The hidden boner

Back in sixth grade, when everyone was awkward and the AIM chats didn’t matter, my one friend Pantsy (whose name has been changed to protect his identity and reflect his choices) wore these really great pants. And by great I mean terrible. They were mustard yellow, MC Hammer, basketball shorts-material capris. Now, I was no fashionista myself—that same year, I sported almost exclusively tie-dye and soccer shorts, and I needed a full-out intervention to be convinced to wear a bra. I also had a habit of trying—and failing—to put on makeup. When people pointed out that neon orange eye shadow was not, in fact, the new hot trend, I would say my little sister put it on me in my sleep—a lie only one of my friends ever pointed out as blatantly untrue, which either indicates I had very nice friends, or the rural South’s educational system is truly in shambles. Likely both.

Needless to say, I was super excited to have this chance to prove I knew fashion. Being the bold person I am, I waited until Pantsy was facing away from me to make my snide comment. “Pantsy, what’s wrong with your pants?” I giggled. Pantsy wheeled around, and all of a sudden, I was face-to-face with a wild, mid-pubescent boner. 

I like to think of this first encounter of the penis kind as a learning experience. Well, mostly I don’t like to think about it at all, because that would probably be somehow pedophilic, but somewhere in there, there had to have been some learning. Even if there wasn’t, I’m going to ascribe some to it now. 

Everyone wears a personality for the world to see. This front, however genuine, is available for the interpretation and judgment of everyone and acts as their “hammer pants,” if you will.  Yet underneath those courageous capris, everyone has something going on. Everyone has their struggles, motivations and thoughts they keep to only themselves. Some people are better or (lookin’ at you, Pantsy) worse at hiding this awkward boner from others—but everyone has one. 

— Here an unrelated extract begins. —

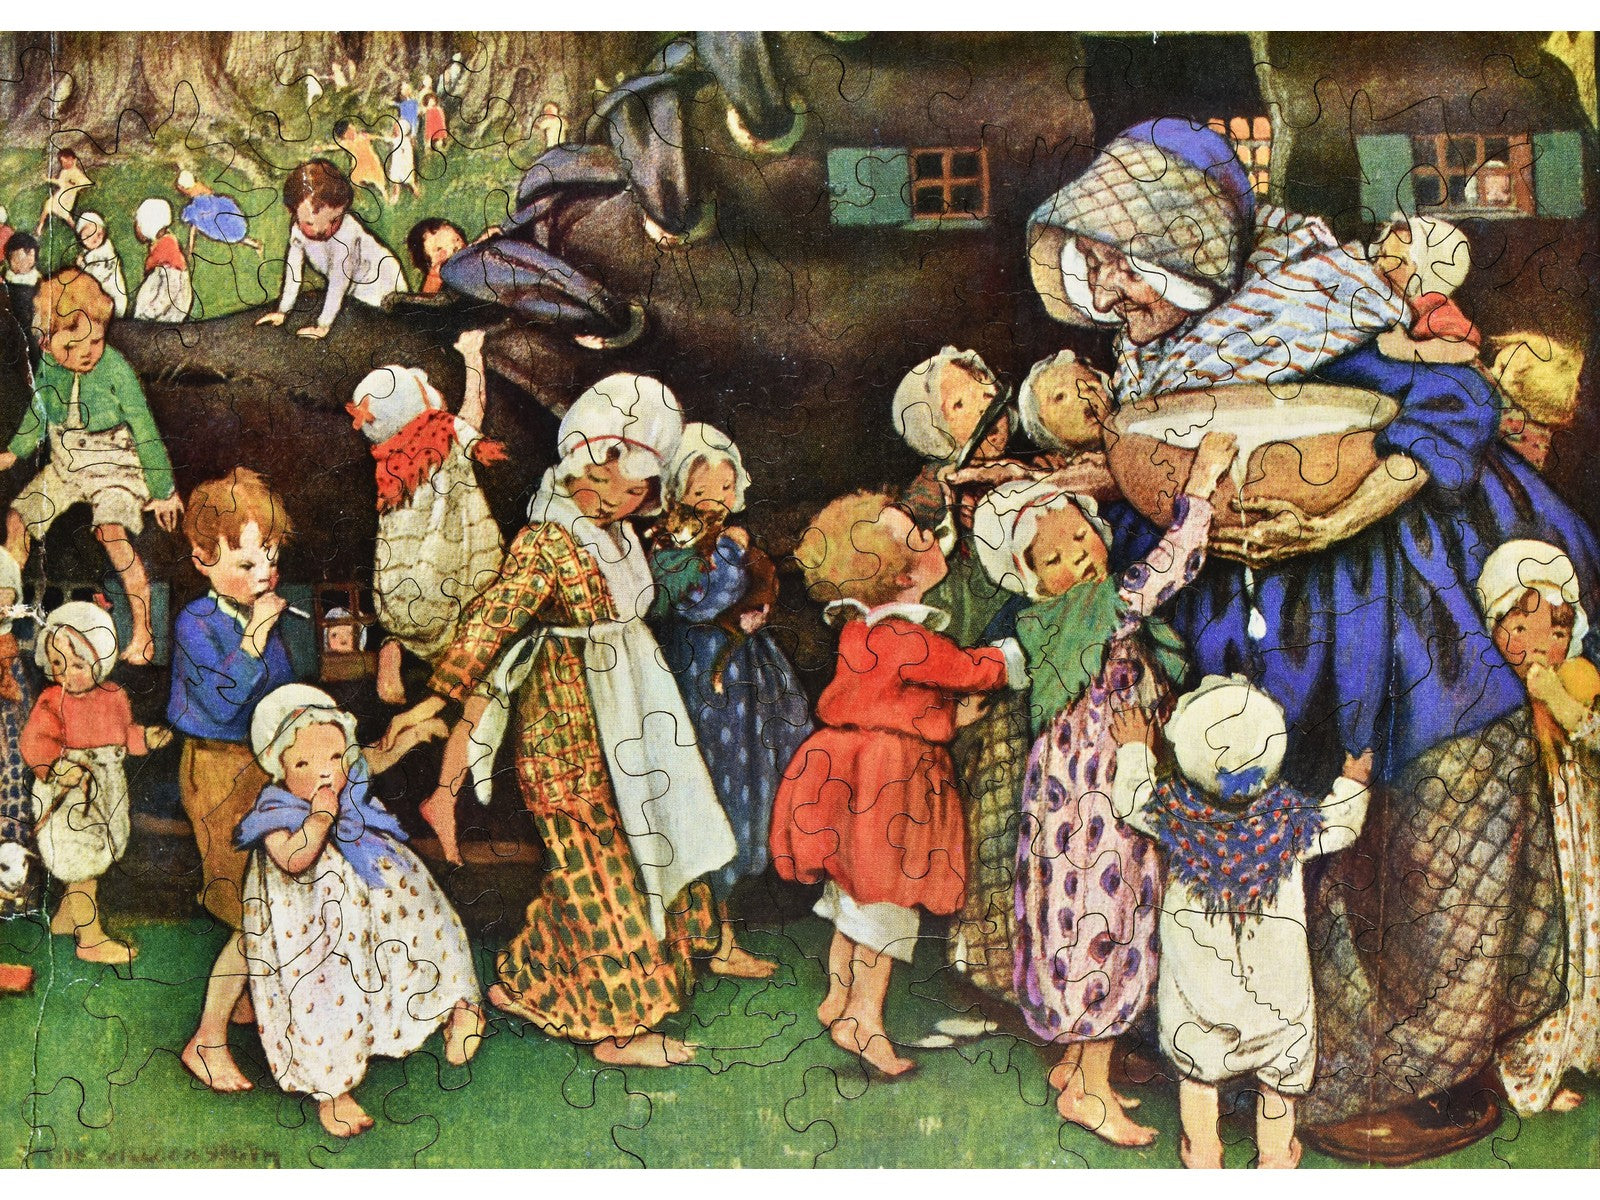 The front of the puzzle, Old Woman in Shoe, which shows an old woman and many children around a large shoe.

At Duke, I belong to an unabashedly cult-like organization called Project BUILD. During BUILD, every night, we listen to the entire life story of a person in our “crew,” whom we have basically just met. The stories are brutally honest and exceptionally thorough—some go on for over 12 hours. At BUILD, I’ve had the privilege of telling my life story to 25 people and have had the honor of hearing theirs. 

It’s a really weird experience for someone to know what your boner looks like before they’ve seen your pants. These people know your childhood stuffed animal’s name, but they have virtually no idea what you’re like in everyday life. This dynamic has created some of the best friendships I’ve ever had and some of the most knowledgeable (and awkward) acquaintances. 

More than that, these experiences have enabled me to see other people’s boners. Or at least, to know they exist. It’s so easy to go through life assuming people are what they put forth and that their whole self can be summarized by the actions that you personally experience or hear about. But that, my friends, is not seeing the boner for the pants. 

There is a psychological phenomenon (that I should know the name of because I am a psych major but I don’t because I am a psych major) where people attribute their own faults and mistakes to outside circumstance, whereas if they do something good, they attribute it to their own positive traits. Yet people tend to think the opposite of others: that is, they think that when others do bad things, it is because they are bad, and if they do good things, it is because of circumstance. 

In short, we do not allow others the complexity of experience, influence and personality that we allow ourselves. Instead of accepting the reality that there are thousands of things going on in the heads and lives of others that we can’t know about—it is easier to assume. To use preconceived notions to assign someone an identity we have decided on for them. To listen to only one side of the story and be done. And so we do. 

With that, I have a proposition for all Duke students. You need to know that you don’t know. People are complicated. There is always another side to the story, an explanation for an action or a hidden background we can’t know about. Even if you know someone’s entire life story, you cannot assume you know the method to their madness. However, it is an all-too-frequent occurrence in the middle school-like social environments that permeate college and adult life that people refuse to seek more information before developing an opinion of an entire person. 

So, Dukies, I challenge you to use your now-seventh ranked intellect to think further about your interactions with others, the gossip you hear and the assumptions you make. Consciously try to realize when you are denying others their full experience and personhood, because in doing so, you’re denying yourself truly knowing them. You’ll find that if you think beyond the obvious, you’ll finally be able to know others as the boners they truly are.